Group 1 contained Arctic Cod guts from a relatively equal mix of shelf-based stations (i.e., 20–45 and 75 m; n = 26), which coincided with the Polar Mixed Layer and Pacific water mass, and slope-based stations (i.e., ≥200 m; n = 23) which coincided with the Pacific–Atlantic thermohalocline, upper Atlantic and Arctic water masses (Table 4). Group 2 coincided primarily with cod from 20 to 75 m depth stations (63 of 91), while groups 3–5 all coincided generally with cod from stations equal to, or deeper, than 200 m (34 of 35, 30 of 40, and 15 of 16 stations, respectively). Fish standard length differed generally among SIMPROF groups (p < 0.01; Fig. 6), with fish from groups 3 to 5 being significantly larger (p < 0.05) than those in group 1, and fish in groups 3 and 4 being significantly larger (p < 0.05) than fish in group 2.

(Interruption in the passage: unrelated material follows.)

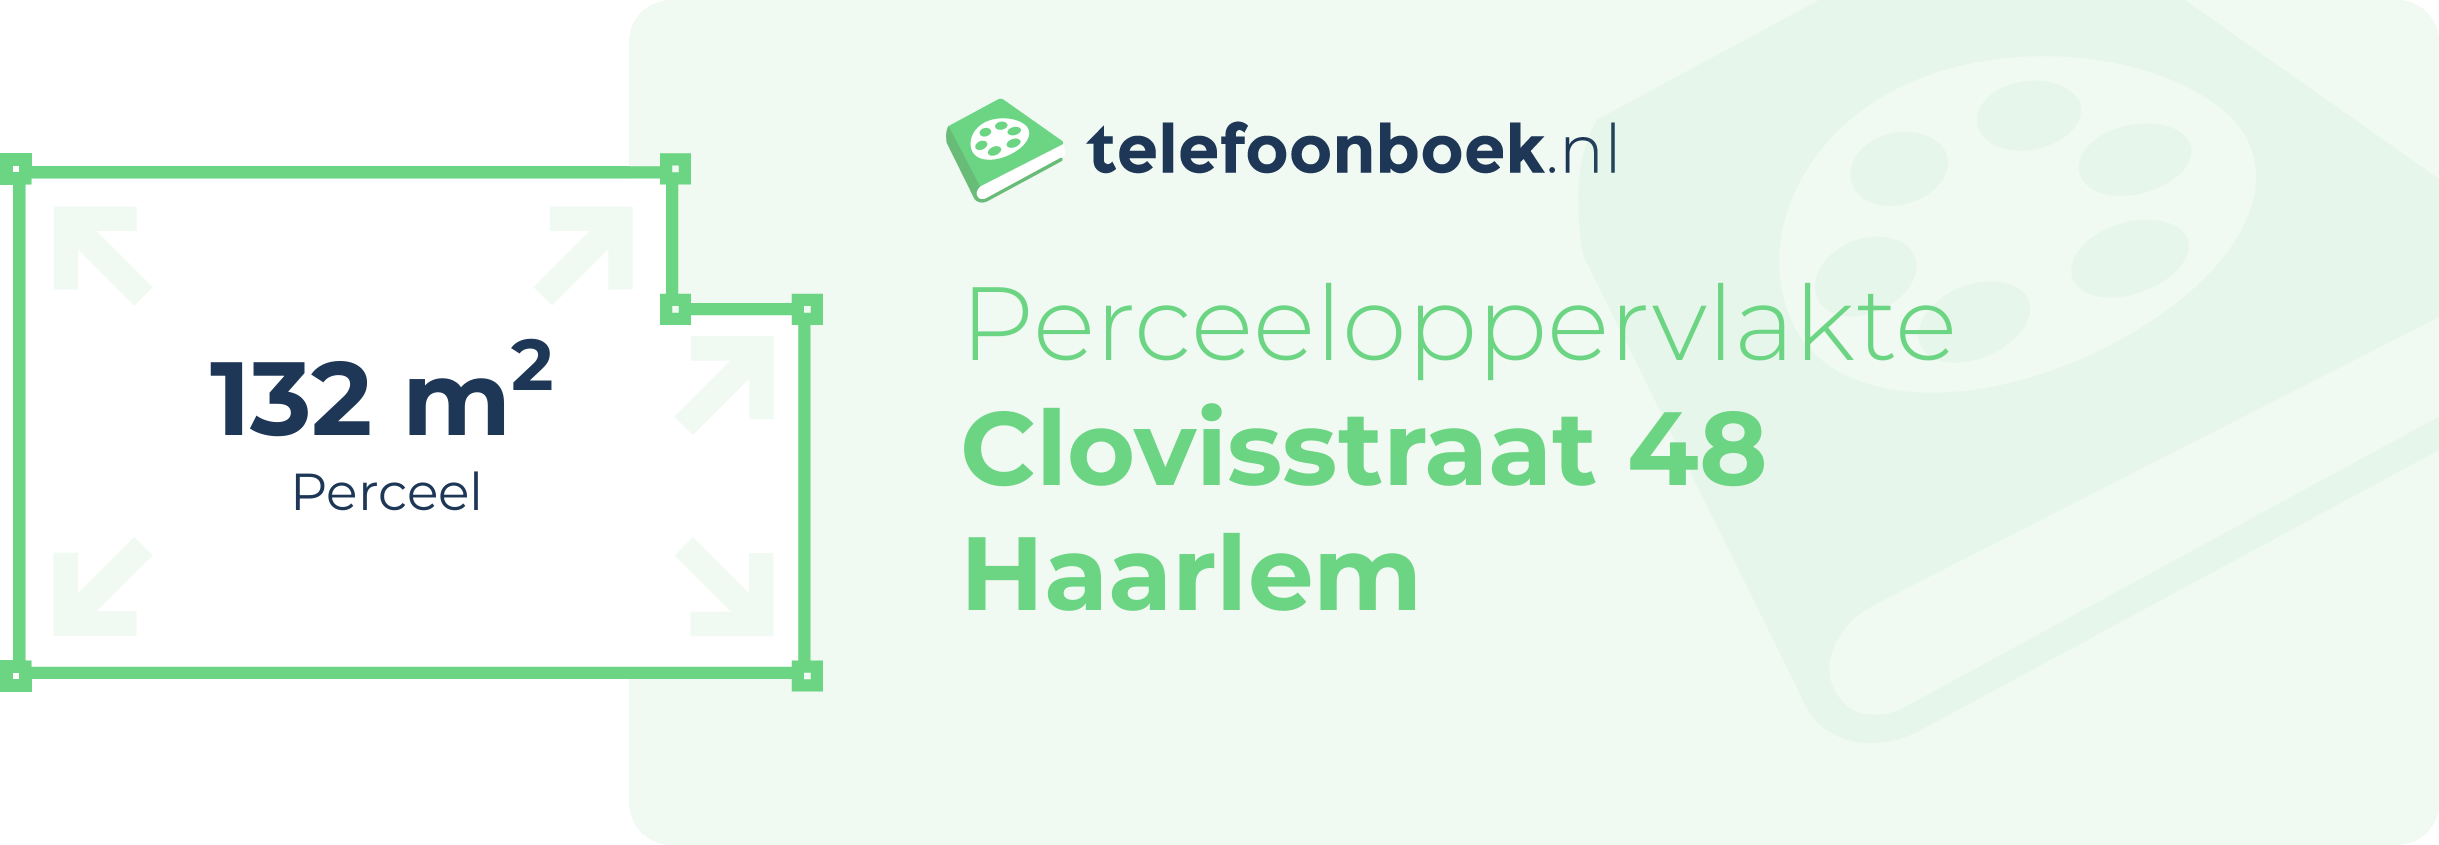 Perceeloppervlakte Clovisstraat 48 Haarlem
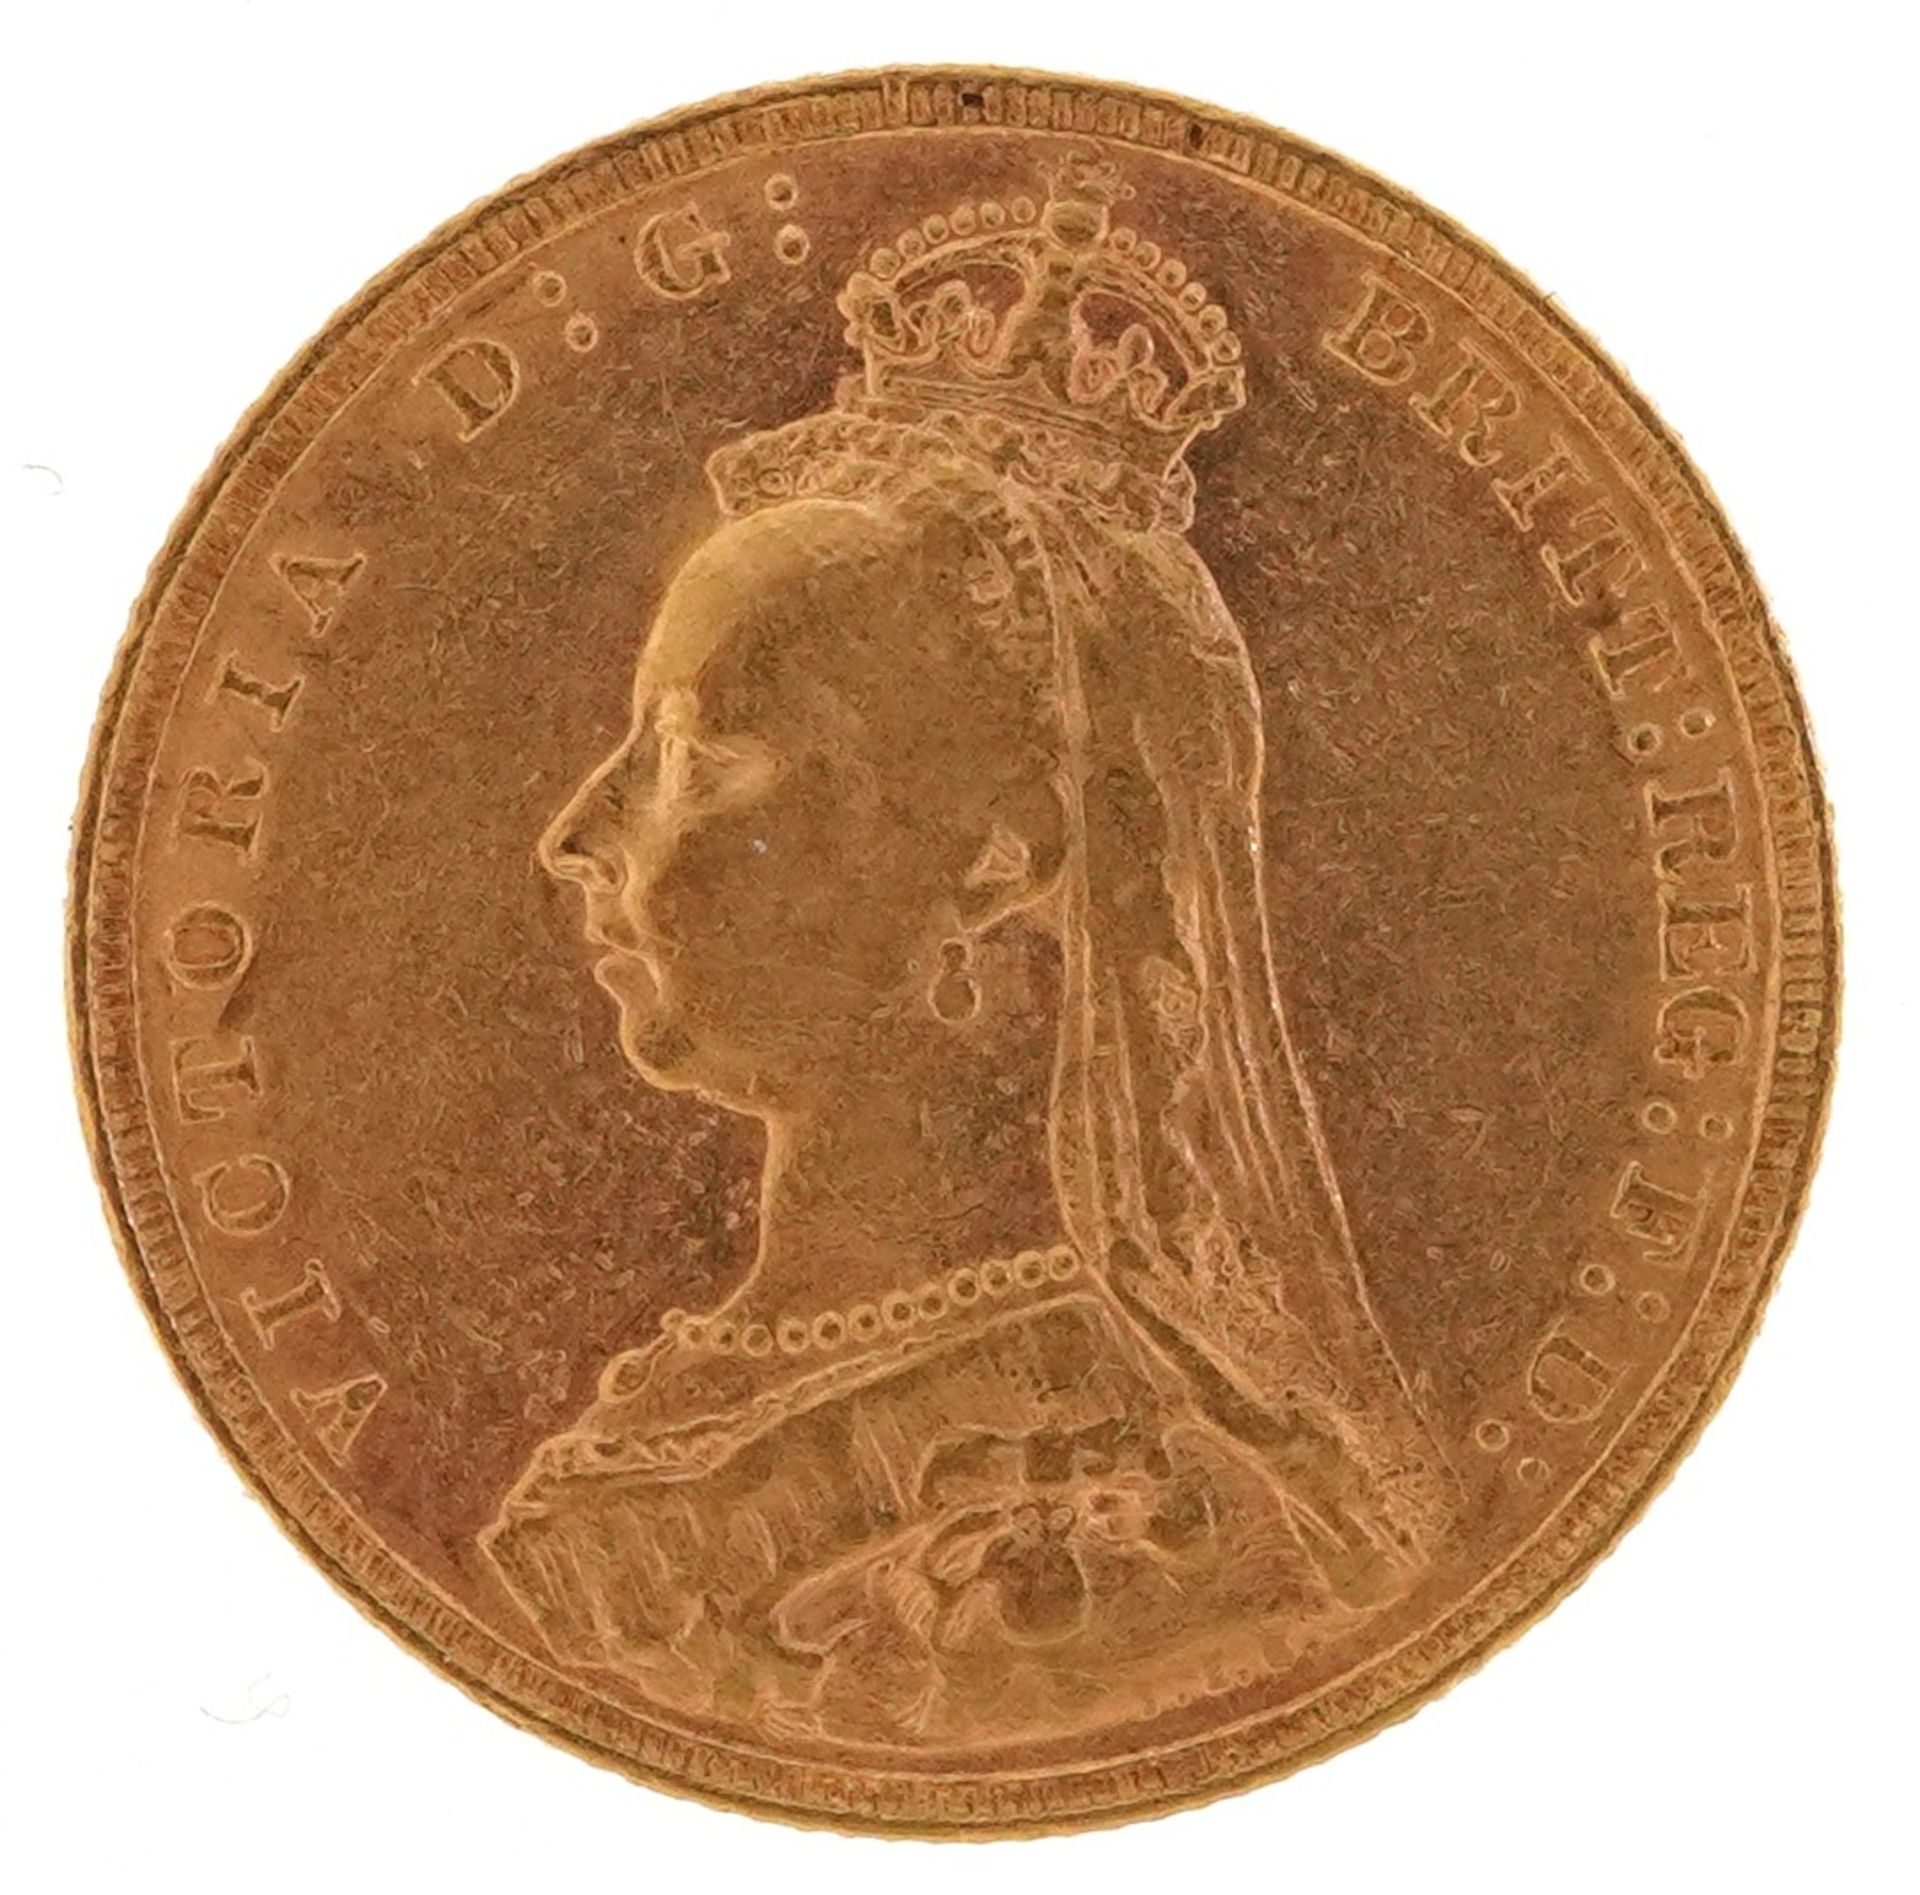 Queen Victoria Jubilee Head 1891 gold sovereign - Image 2 of 3

Mean Arctic Cod (Boreogadus saida) standard length and standard deviation pooled for SIMPROF groups. The embedded table contains p values for pairwise tests of the mean standard length values for the different SIMPROF groups (header box, i vs j). Pairwise comparisons with significant p values (α = 0.05) are listed in the top box and indicated with letter symbols above error bars
In general, these results indicate that larger Arctic Cod occupied deeper slope habitats and fed predominantly upon larger Themisto prey. In particular, larger Arctic Cod associated with upper-slope habitats within the relatively warm lower Pacific–Atlantic thermohalocline and the upper Atlantic water mass. Smaller Arctic Cod primarily occupied shallower shelf-based habitats, within the colder Pacific water mass and overlying Polar mixed layer, and fed predominantly upon smaller Calanus prey. Fish size generally coincided with the size of prey consumed. Fish standard length, primary habitat occupancy, and characteristic prey items are summarized by diet group (i.e., SIMPROF group) in Table 4.
Discussion
This study documented the summer distribution of Arctic Cod in bottom habitats across the continental shelf and slope of the southern Canadian Beaufort Sea. The results indicate that peak Arctic Cod biomass occurs at 350 and 500 m depths in thermohalocline waters of the Pacific and Atlantic water masses and the upper Atlantic water mass. The size of Arctic Cod generally increased with depth, with a pronounced increase in standard length at 200 m which coincides with the outer continental shelf and the upper-extent of the Pacific–Atlantic thermohalocline. Using net-validated hydroacoustics to assess biomass of Arctic Cod in pelagic habitats of the Canadian Beaufort Sea, Geoffroy et al. (in press) observed that the average length and weight of Arctic Cod progressively increased with depth and that adults (age 1+ and older) predominantly associated with mesopelagic depths of 200–400 m throughout the year. Benoit et al. (2010) studied the winter/spring vertical distribution of Arctic Cod, copepods, and ringed seals in Franklin Bay and proposed that large Arctic Cod maintained depths in excess of 180 m in order to minimize predation by deep-diving mature seals. Smaller Arctic Cod also occupied depths below 180 m, but were observed to perform diel vertical migrations synchronized with the light/dark cycle, presumably to avoid foraging interference by larger Arctic Cod and to access food at shallower depths. The authors of these studies suggest that adult Arctic Cod occupy the mesopelagic layer in order to avoid predation by diving seabirds and marine mammals. We speculate that the risk associated with cannibalism in the near-bottom could be a reason why Arctic Cod do not descend to the bottom in early life-stages, but rather grow to a threshold size in the pelagial prior to the descent.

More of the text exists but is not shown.